Naomi Totten

London Marathon for Maisie

Fundraising for The Lily Foundation
£5,109
raised of £4,000 target
by 166 supporters
Donations cannot currently be made to this page
Event: Brighton Marathon 2019, on 14 April 2019
In memory of Maisie Totten
Please join us in raising money in Maisies name for The Lily Foundation to help them stop Mito so that other families do not have to be told there is no cure & have to say goodbye to their child. In Maisie's beautiful memory we can make a difference.

Story

Anyone who knows me knows how much I love my niece and nephew. They fill my life with joy and teach me everything about what's important in this world. So when Maisie Jane Totten arrived into the world on June 12th I was over the moon, another niece for me to give my whole heart to. 

Now I'm obviously biased but Maisie was honestly completely and utterly perfect. Everyone who laid eyes on her, with her full head of silky hair and the brightest eyes you've ever seen, fell in love with her. She was the star of the show.

When she first got ill at the beginning of August it didn't even occur to me that she would end up in intensive care, babies get sick all the time right? I assumed it would be a tough few days but that they'd give her some medicine and Simon and Sophie would be able to go back to their home they'd spent 9 months preparing for their baby girl. But no. 

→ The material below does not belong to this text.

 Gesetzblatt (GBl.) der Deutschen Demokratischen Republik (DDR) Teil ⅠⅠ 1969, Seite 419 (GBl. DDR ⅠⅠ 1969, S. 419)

The month we spent with Maisie in intensive care at Great Ormond Street was a gift; we were told before they transferred her there that she might not make the journey but the tough little cookie fought hard to give us a whole month of cuddles and giggles. It was the saddest and happiest 30 days you could ever imagine. 

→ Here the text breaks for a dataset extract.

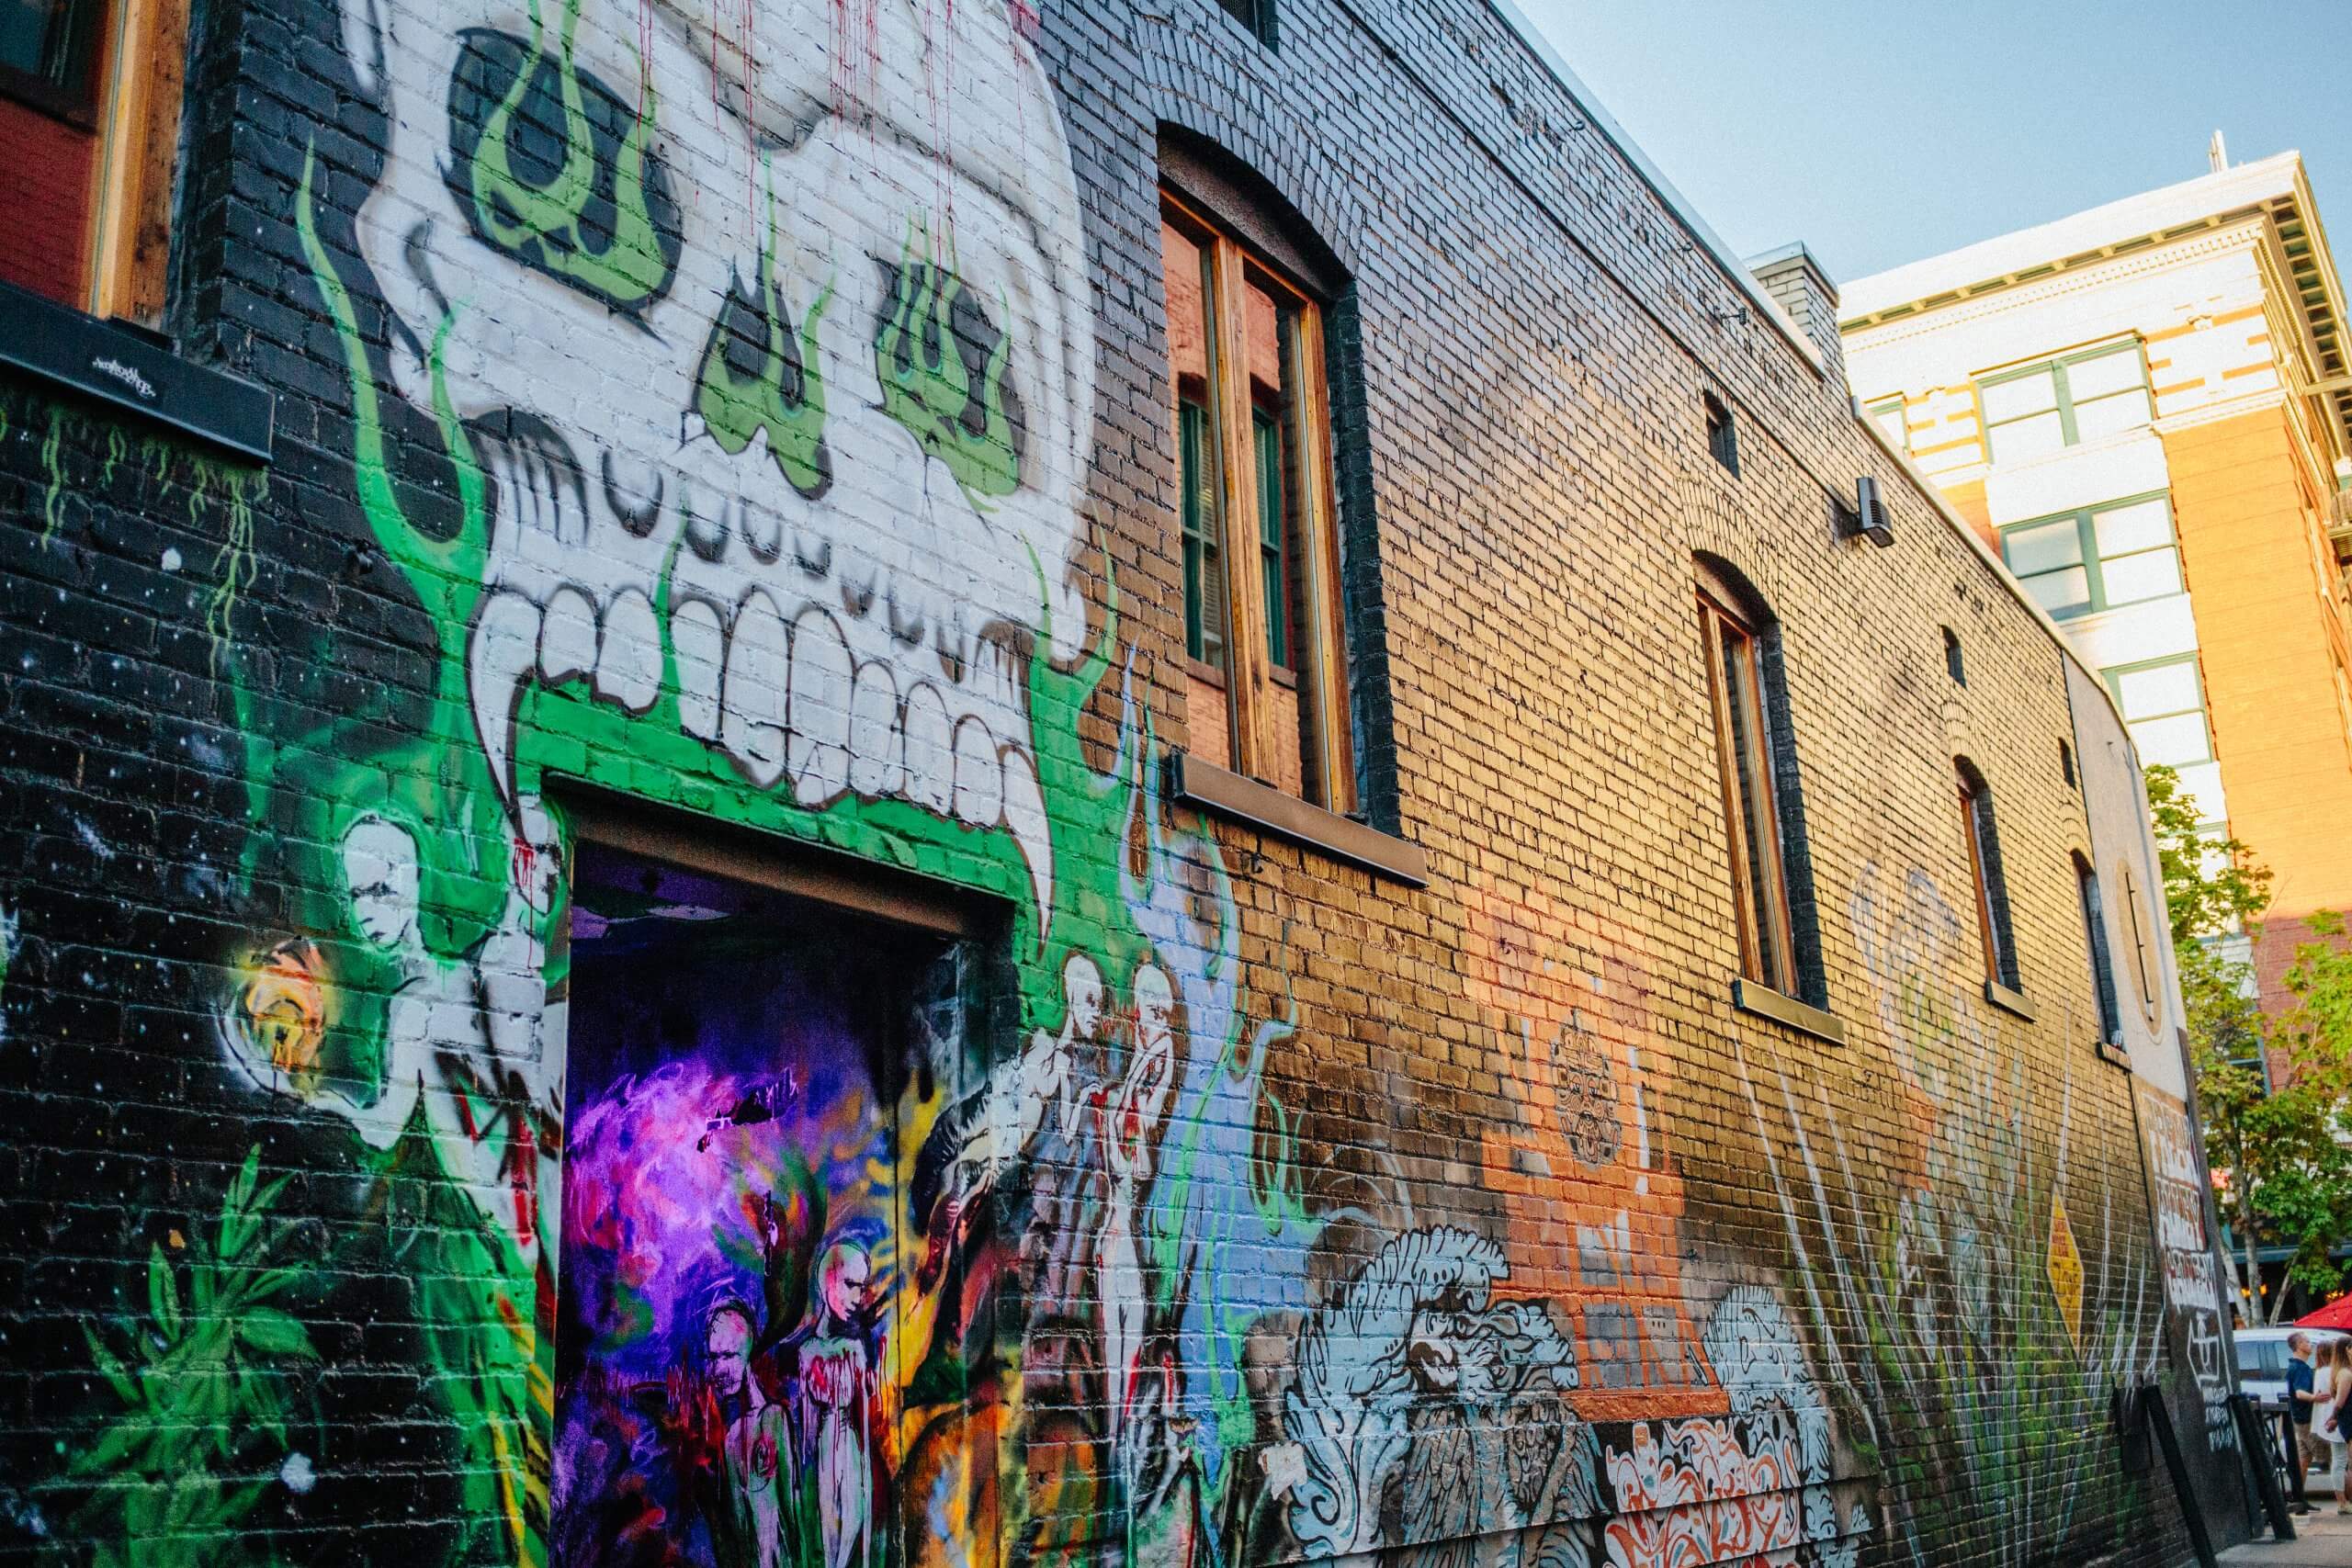 artistic graffiti on a brick wall in Freak Alley

After lots of tests and an agonising wait, Maisie was given a terminal diagnosis of Mitochondrial disease, caused by a mutation in her RRM2B gene. So rare that she was just the 16th case on record. The disease means that her body cannot create enough energy to maintain her brain or muscle function and that she would live a very short life. My brother and sister-in-law then had to make the impossible decision of whether to take Maisie home or to a hospice to live out her final days. They agreed on hospice and 4 days later held Maisie in their arms as she lived her last few hours, off the life support machine. 

The pain is constant. It is never ending. The injustice of having to watch Maisie die and there being nothing any of us could do about it will live with us all forever.

Simon and Sophie are the bravest, strongest people I know - it explains why Maisie was so brave and strong. I can't bear the idea that anyone will ever have to go through what they have been through and although running the London marathon in 2018 was excruciating, i know that nothing will ever hurt as much as losing Maisie. So if i can raise even a little bit of money to put towards the research for a cure or even just a treatment, then I will run a thousand marathons. 

Every 20 minutes a child is born who will develop Mitochondrial Disease by the age of 16. There is no cure and very little treatment and the disease in it's various forms is always debilitating and often life limiting.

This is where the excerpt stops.